DKIM (DomainKeys Identified Mail) uses public-key cryptography to authenticate individual email messages. If the contents of the signed headers and message are not altered, the DKIM signature will still work. With proper implementation, DKIM ensures that messages are not tampered with in transit.
DMARC (Domain-based Message Authentication, Reporting and Conformance) builds on SPF and DKIM to stop exact-domain email spoofing by matching what is checked by SPF and DKIM with what the end-user actually sees—the “From” header field.

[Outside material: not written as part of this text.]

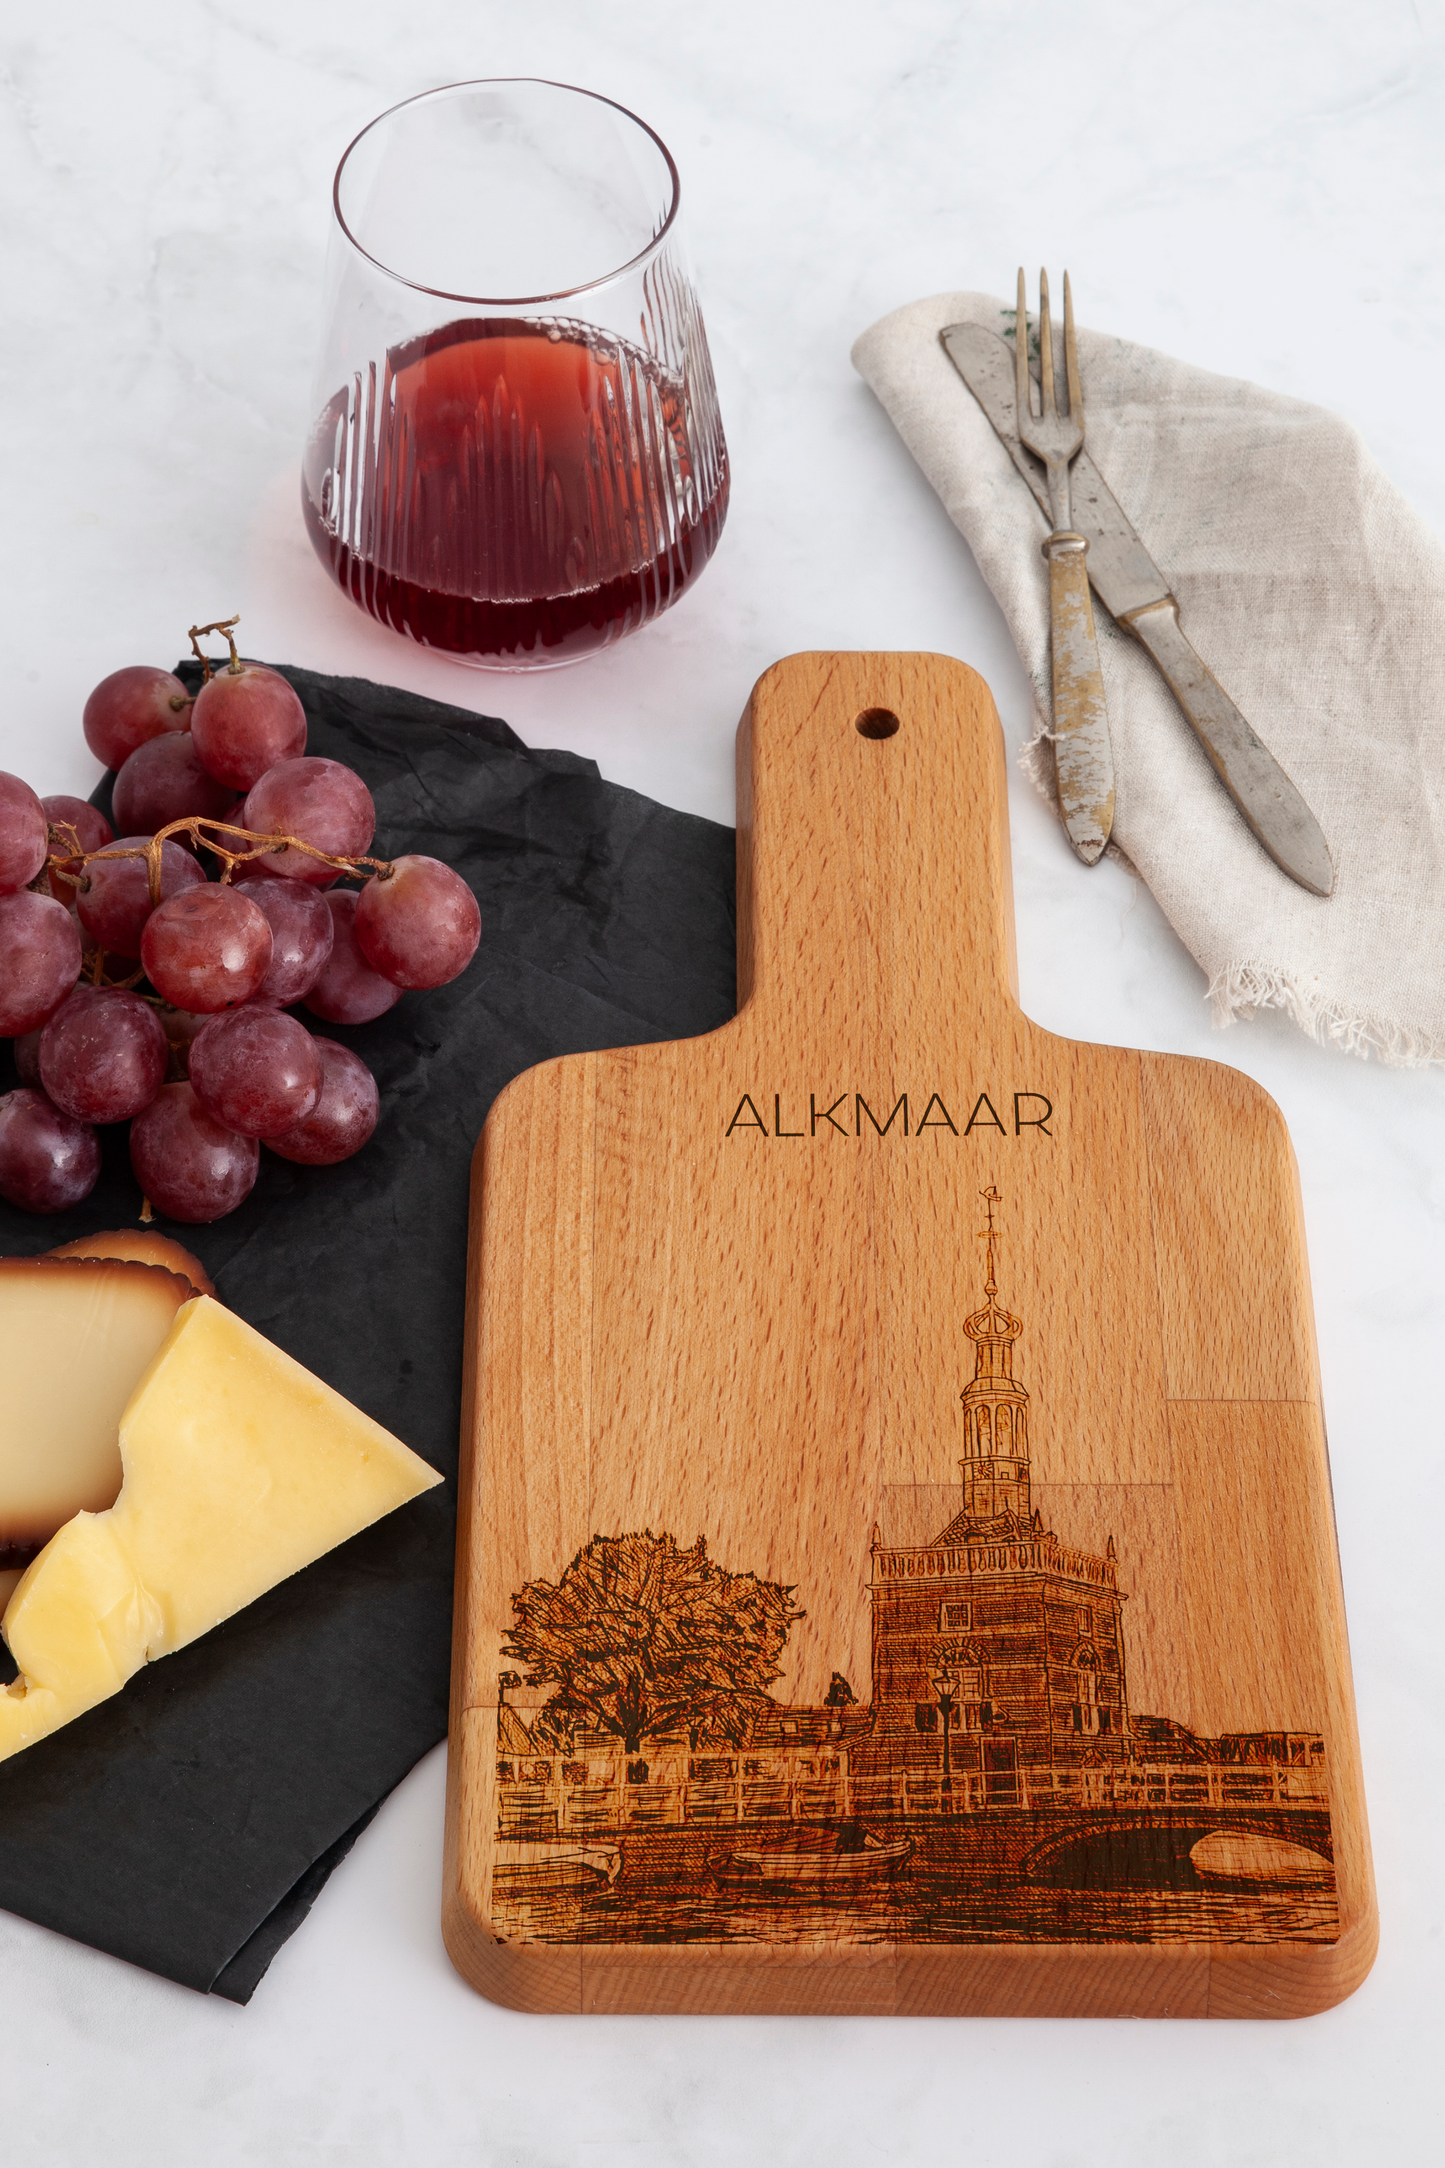 Alkmaar, De Friese Poort, cheese board, on countertop

Additional Industry Authentication Protocols:
BIMI (Brand Indicators for Message Identification) allows brands to provide brand-specific imagery that appears alongside messages they send. However, In order to use BIMI, senders must be using DMARC with an enforcement policy.
ARC (Authenticated Received Chain) is a small percentage of messages that will still fail authentication after being forwarded or passed through a mailing list. This problem is addressed by implementing ARC. The Authenticated Received Chain protocol provides an authenticated “chain of custody” for a message. In simple terms: ARC allows receivers to make delivery decisions for email that has been complexly routed.